II. A BOARD FENCE LOSES A PLANK

The work on the sea-wall progressed. The coffer-dam which had been built by driving into the mud of the bottom a double row of heavy tongued and grooved planking in two parallel rows, and bulkheading each end with heavy boards, had been filled with concrete to low-water mark, consuming not only the contents of the delayed scow, but two subsequent cargoes, both of which had been unloaded by Tom Grogan.

To keep out the leakage, steam-pumps were kept going night and day.

By dint of hard work the upper masonry of the wall had been laid to the top course, ready for the coping, and there was now every prospect that the last stone would be lowered into place before the winter storms set in.

The shanty—a temporary structure, good only for the life of the work—rested on a set of stringers laid on extra piles driven outside of the working-platform.

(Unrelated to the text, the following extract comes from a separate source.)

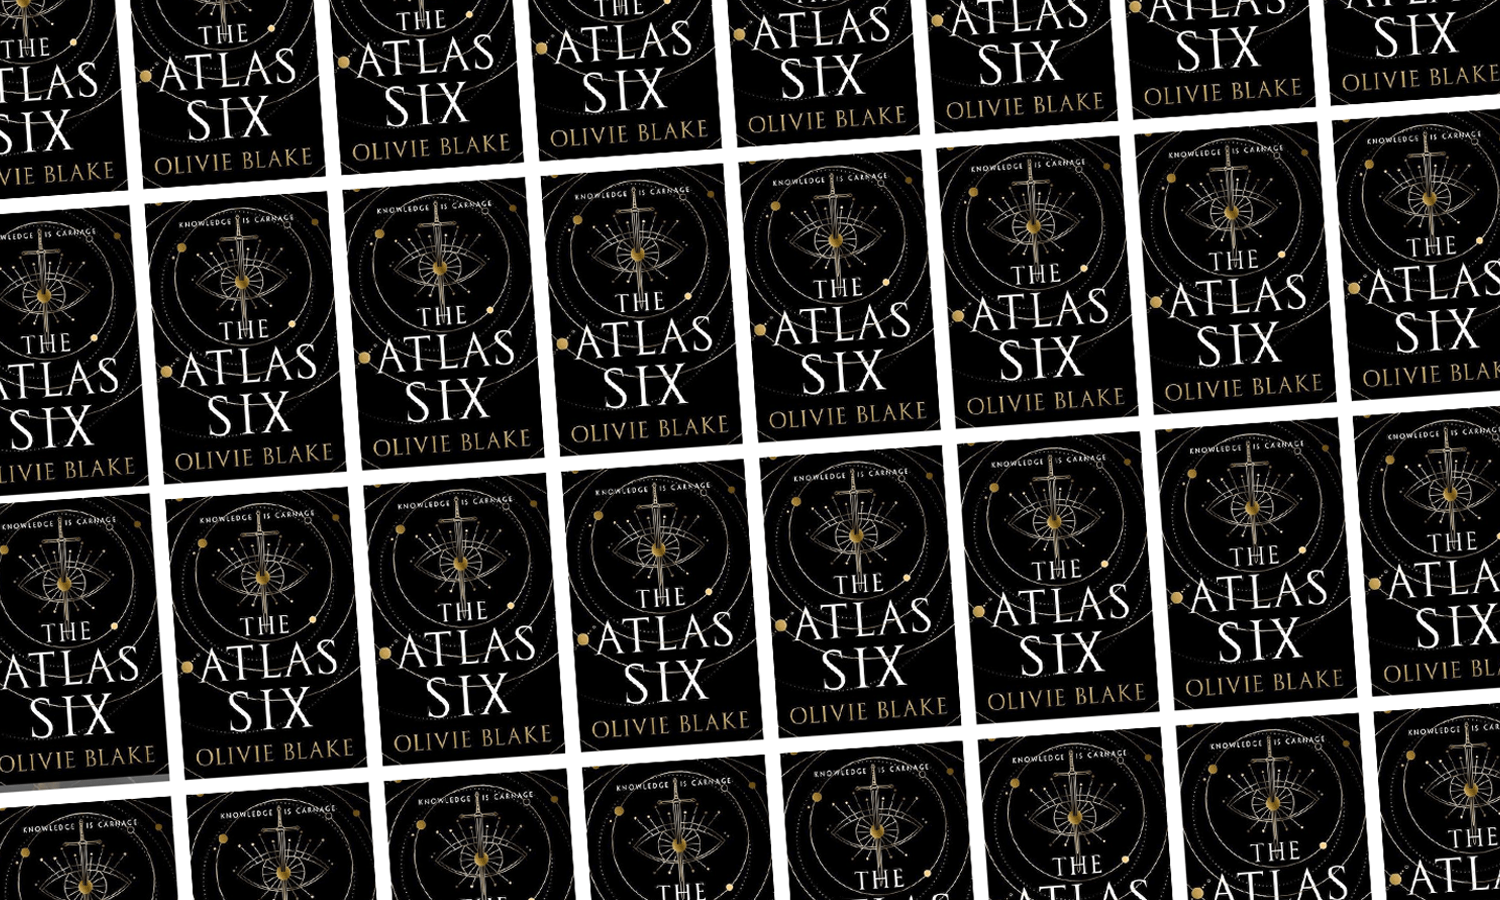 Knowledge They Might Kill For: Olivie Blake's The Atlas Six - Reactor

When the submarine work lies miles from shore, a shanty is the only shelter for the men, its interior being arranged with sleeping-bunks, with one end partitioned off for a kitchen and a storage-room. This last is filled with perishable property, extra blocks, Manila rope, portable forges, tools, shovels, and barrows.

For this present sea-wall—an amphibious sort of structure, with one foot on land and the other in the water—the shanty was of light pine boards, roofed over, and made water-tight by tarred paper. The bunks had been omitted, for most of the men boarded in the village. In this way increased space for the storage of tools was gained, besides room for a desk containing the government working drawings and specifications, pay-rolls, etc. In addition to its door, fastened at night with a padlock, and its one glass window, secured by a ten-penny nail, the shanty had a flap-window, hinged at the bottom. When this was propped up with a barrel stave it made a counter from which to pay the men, the paymaster standing inside.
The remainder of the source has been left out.